PROBLEM DETAILS: Repeat the data below exactly. Include each line.
☆ ☆ ☆ ☆ ☆ ☆ ☆
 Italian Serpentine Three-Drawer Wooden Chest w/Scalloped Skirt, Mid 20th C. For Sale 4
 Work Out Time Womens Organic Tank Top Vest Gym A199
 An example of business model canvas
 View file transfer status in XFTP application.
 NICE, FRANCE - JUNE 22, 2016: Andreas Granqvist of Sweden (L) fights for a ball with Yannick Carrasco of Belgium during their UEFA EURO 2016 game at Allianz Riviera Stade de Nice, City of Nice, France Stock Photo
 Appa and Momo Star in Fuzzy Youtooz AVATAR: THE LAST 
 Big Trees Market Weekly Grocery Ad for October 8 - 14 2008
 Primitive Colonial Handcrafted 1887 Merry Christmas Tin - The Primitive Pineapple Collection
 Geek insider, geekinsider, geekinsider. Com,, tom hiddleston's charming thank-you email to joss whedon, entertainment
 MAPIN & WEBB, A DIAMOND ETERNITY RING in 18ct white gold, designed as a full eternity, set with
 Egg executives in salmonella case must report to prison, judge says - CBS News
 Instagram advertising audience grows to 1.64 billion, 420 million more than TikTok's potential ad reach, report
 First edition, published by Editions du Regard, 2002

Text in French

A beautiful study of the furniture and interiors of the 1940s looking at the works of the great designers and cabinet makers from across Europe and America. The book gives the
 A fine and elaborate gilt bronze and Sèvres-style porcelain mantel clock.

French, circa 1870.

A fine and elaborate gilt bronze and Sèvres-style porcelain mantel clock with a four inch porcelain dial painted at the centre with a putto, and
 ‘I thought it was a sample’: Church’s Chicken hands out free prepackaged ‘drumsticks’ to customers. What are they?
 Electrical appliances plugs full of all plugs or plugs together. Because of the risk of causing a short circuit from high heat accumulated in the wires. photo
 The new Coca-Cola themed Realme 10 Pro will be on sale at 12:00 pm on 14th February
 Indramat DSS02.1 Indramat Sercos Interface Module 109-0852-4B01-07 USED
☆ ☆ ☆ ☆ ☆ ☆ ☆
THE COMPLETED TASK:
 Italian Serpentine Three-Drawer Wooden Chest w/Scalloped Skirt, Mid 20th C. For Sale 4
 Work Out Time Womens Organic Tank Top Vest Gym A199
 An example of business model canvas
 View file transfer status in XFTP application.
 NICE, FRANCE - JUNE 22, 2016: Andreas Granqvist of Sweden (L) fights for a ball with Yannick Carrasco of Belgium during their UEFA EURO 2016 game at Allianz Riviera Stade de Nice, City of Nice, France Stock Photo
 Appa and Momo Star in Fuzzy Youtooz AVATAR: THE LAST 
 Big Trees Market Weekly Grocery Ad for October 8 - 14 2008
 Primitive Colonial Handcrafted 1887 Merry Christmas Tin - The Primitive Pineapple Collection
 Geek insider, geekinsider, geekinsider. Com,, tom hiddleston's charming thank-you email to joss whedon, entertainment
 MAPIN & WEBB, A DIAMOND ETERNITY RING in 18ct white gold, designed as a full eternity, set with
 Egg executives in salmonella case must report to prison, judge says - CBS News
 Instagram advertising audience grows to 1.64 billion, 420 million more than TikTok's potential ad reach, report
 First edition, published by Editions du Regard, 2002

Text in French

A beautiful study of the furniture and interiors of the 1940s looking at the works of the great designers and cabinet makers from across Europe and America. The book gives the
 A fine and elaborate gilt bronze and Sèvres-style porcelain mantel clock.

French, circa 1870.

A fine and elaborate gilt bronze and Sèvres-style porcelain mantel clock with a four inch porcelain dial painted at the centre with a putto, and
 ‘I thought it was a sample’: Church’s Chicken hands out free prepackaged ‘drumsticks’ to customers. What are they?
 Electrical appliances plugs full of all plugs or plugs together. Because of the risk of causing a short circuit from high heat accumulated in the wires. photo
 The new Coca-Cola themed Realme 10 Pro will be on sale at 12:00 pm on 14th February
 Indramat DSS02.1 Indramat Sercos Interface Module 109-0852-4B01-07 USED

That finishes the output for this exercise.